## MATERIAL PROVIDED:
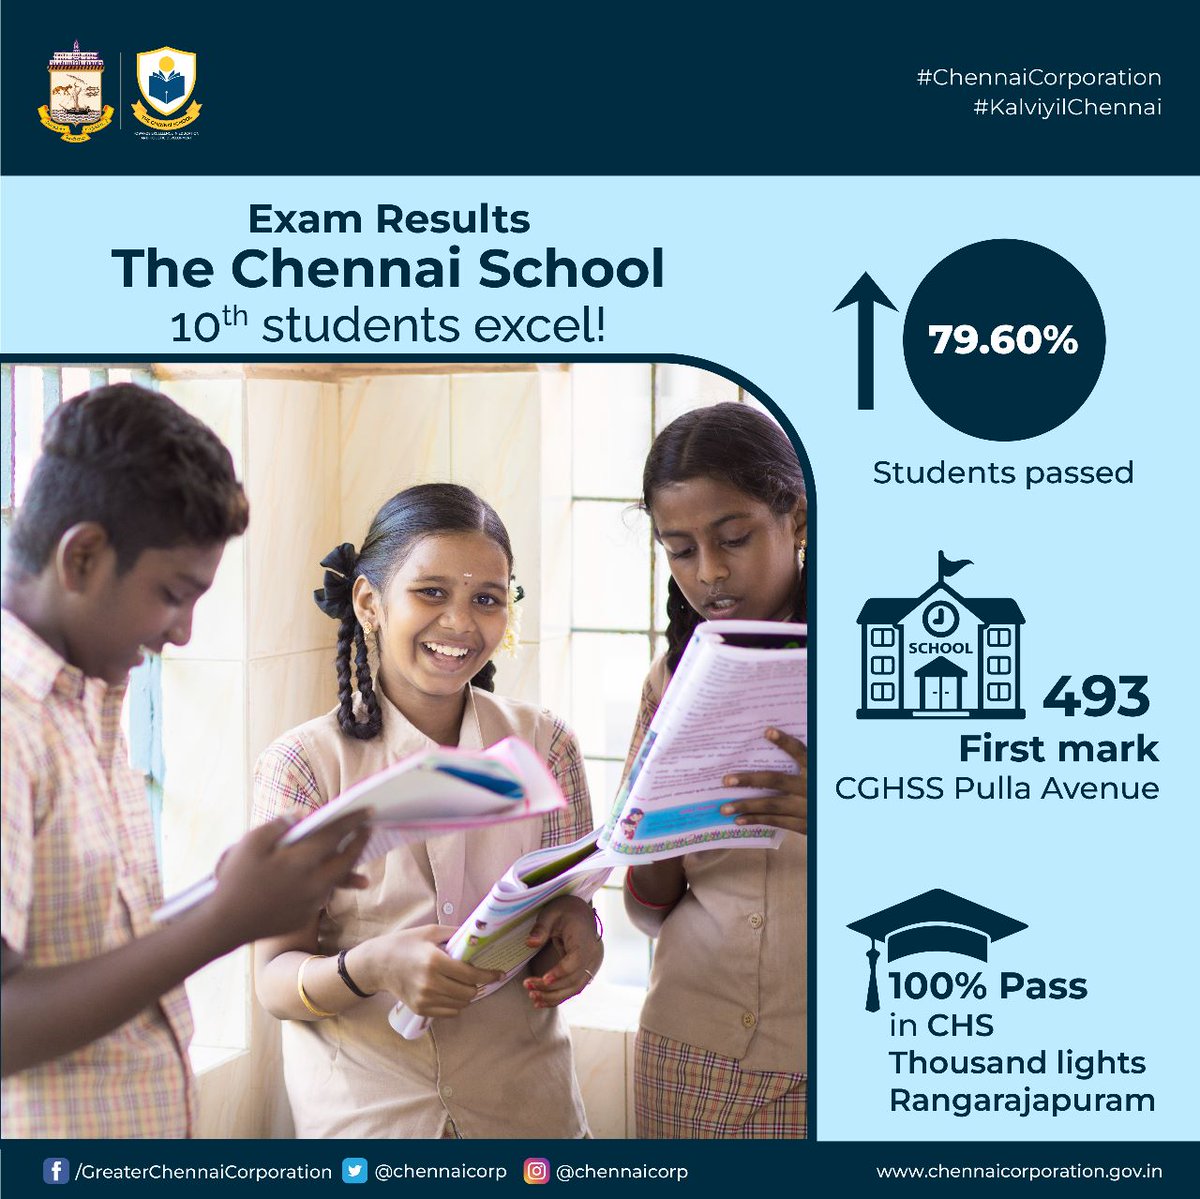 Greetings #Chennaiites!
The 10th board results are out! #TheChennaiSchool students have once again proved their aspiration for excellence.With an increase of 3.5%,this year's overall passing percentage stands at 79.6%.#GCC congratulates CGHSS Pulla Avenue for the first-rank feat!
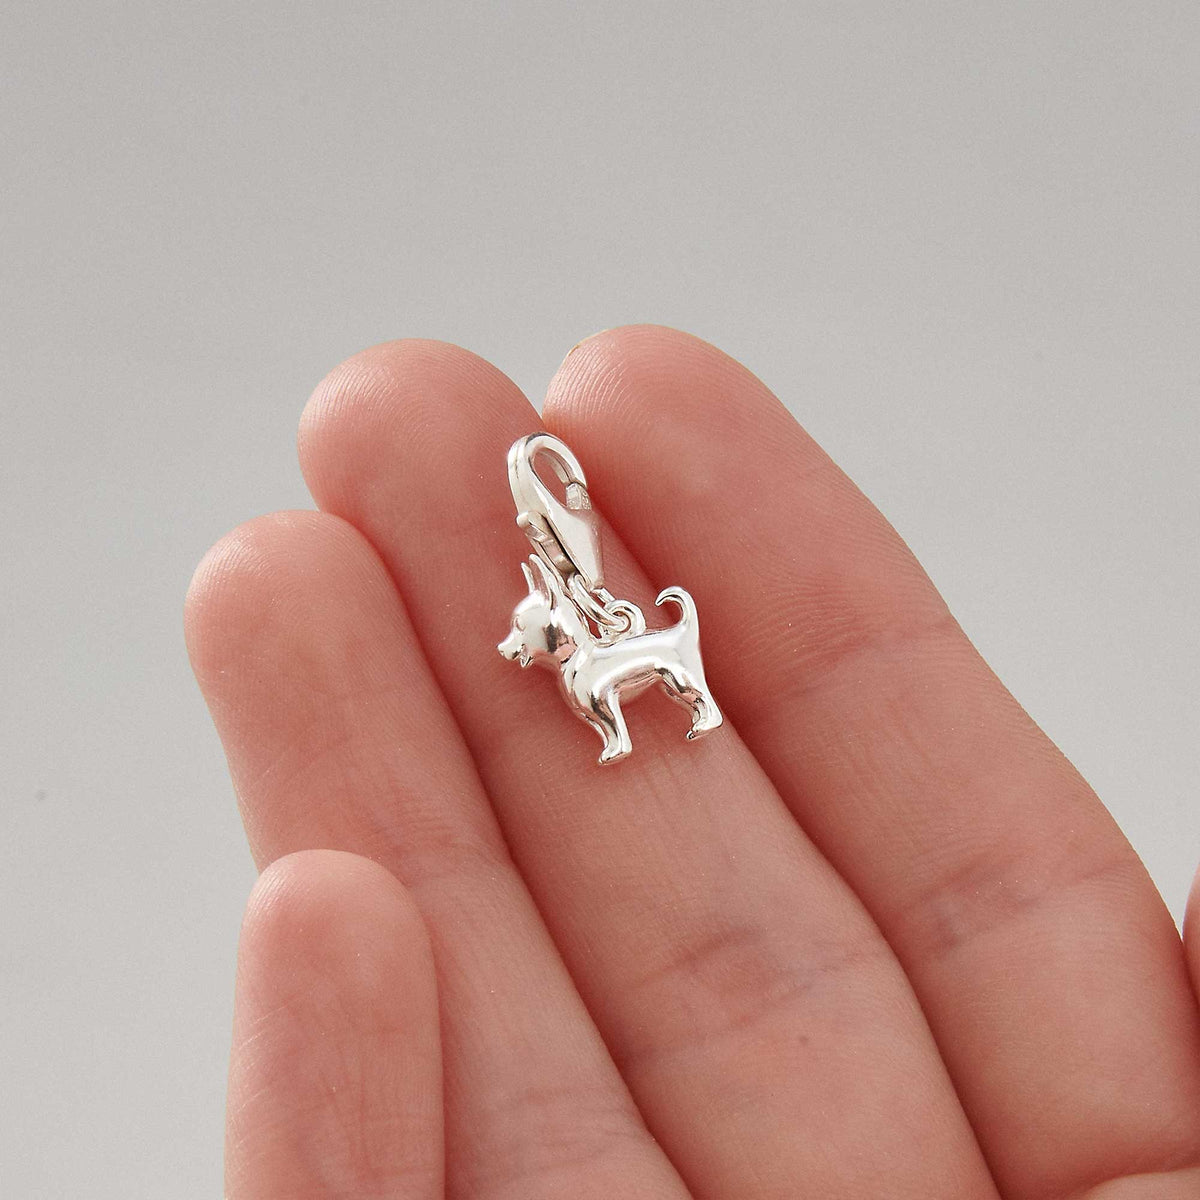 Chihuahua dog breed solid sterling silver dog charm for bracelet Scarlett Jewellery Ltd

## TASK OBJECTIVE:
Write out the whole listing exactly. Pictures stay out.

## TASK RESPONSE:
 Greetings #Chennaiites!
The 10th board results are out! #TheChennaiSchool students have once again proved their aspiration for excellence.With an increase of 3.5%,this year's overall passing percentage stands at 79.6%.#GCC congratulates CGHSS Pulla Avenue for the first-rank feat!
 Chihuahua dog breed solid sterling silver dog charm for bracelet Scarlett Jewellery Ltd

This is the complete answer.